I read each one of them and it brought back so much memories, though I mostly felt really hurt reading them, and apologetic and nostalgic and a little silly.
It's strange how from a certain point of time onwards I became the present version of myself people know and identify with. I still denounce the idea of being vanilla, but I have become so much more mellow. I made new friends - many new friends - drifted apart from some people I used to spend a lot of time with and lost a few old friends. Reading my posts makes me miss them so much - and realised at that point of time when I was young and sad - all I needed was fatherly love - which I tried finding in all the wrong places, and in the wrong people and how I broke my own heart time and again.
I started going to church in 2013 - after many years away from church as a child - and I wrote about God a lot and how I was healing. I wrote about the friends I made and how happy I was to have them in my life. Though in some posts, my happiness felt more like cha-cha, two steps forward one step back.
There were people whom if we have met at the right timing, perhaps the outcome would be different. But almost a decade on, I'm happy how things turned out for all of us.
Reading back, I always loved to read and write. I've loved books before I even turned seven, now that I think of it - maybe I got it from my father. He was always watching the news and reading the papers.
I was always a mommy's girl and I wrote a lot about my parents being overly protective and worried about me.
But what hurt me the most were the few posts I wrote about my father.
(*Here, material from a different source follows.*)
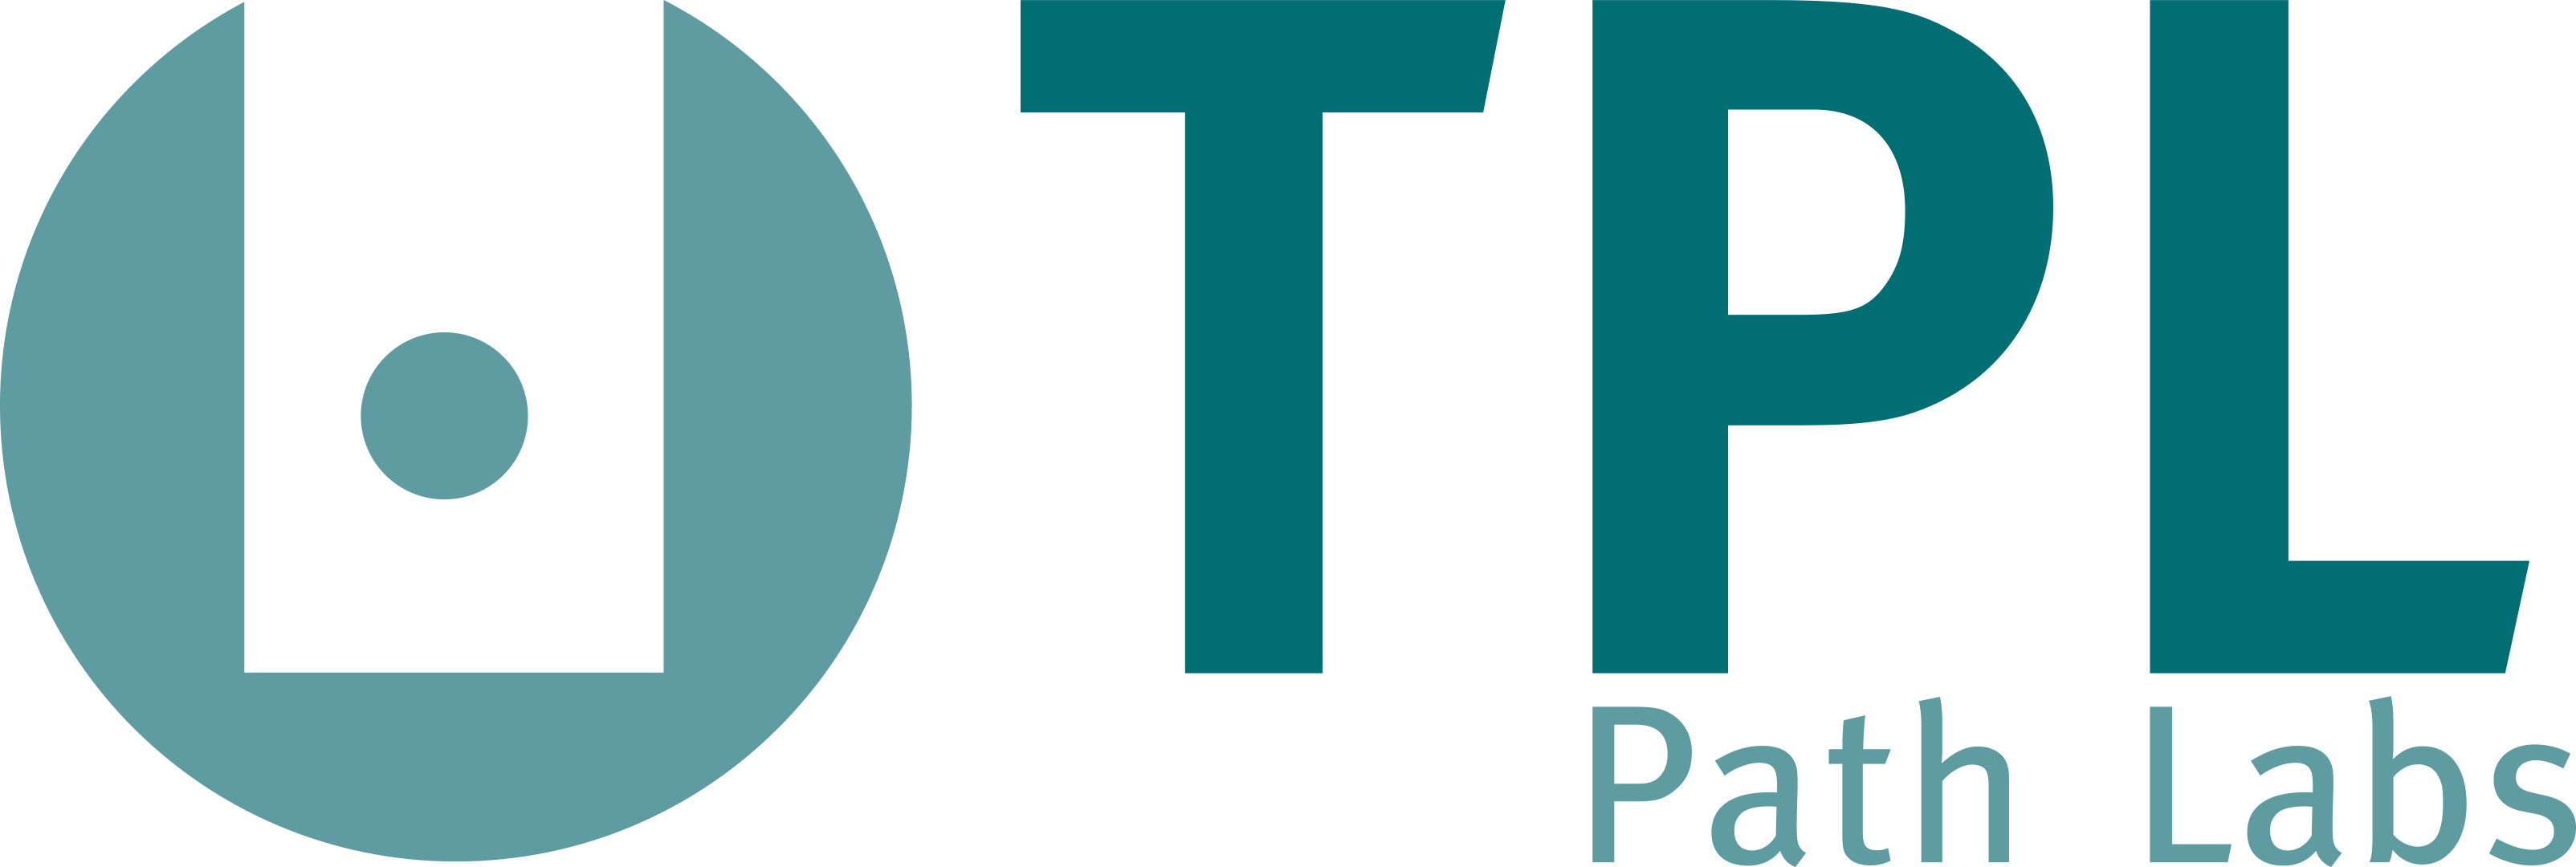 logo_TPL

We were much closer in the past, but back in 2014 he was already starting to get very sick because of his diabetic condition. I wrote about caring for him and feeling helpless.
Did you know? If I hadn't written down my feelings I would have forgotten those little incidents and conversations with my dad. I'm glad I did. I'm just sorry I stopped writing in my diary for such a long time. I guess I was happy and living my life.
My heart hurts a lot.
When my dad got sicker over the years, sometimes I would think of what I would write about the years I grew up with him - it's almost like a eulogy - so I wouldn't forget him.
I think I will start writing in my diary again.
Dear Diary,
Do you think my father is in a better place now where he has both legs to walk and run and sprint?
I hope he's not hurting anymore wherever he is.
I want to only remember good and beautiful thoughts about him.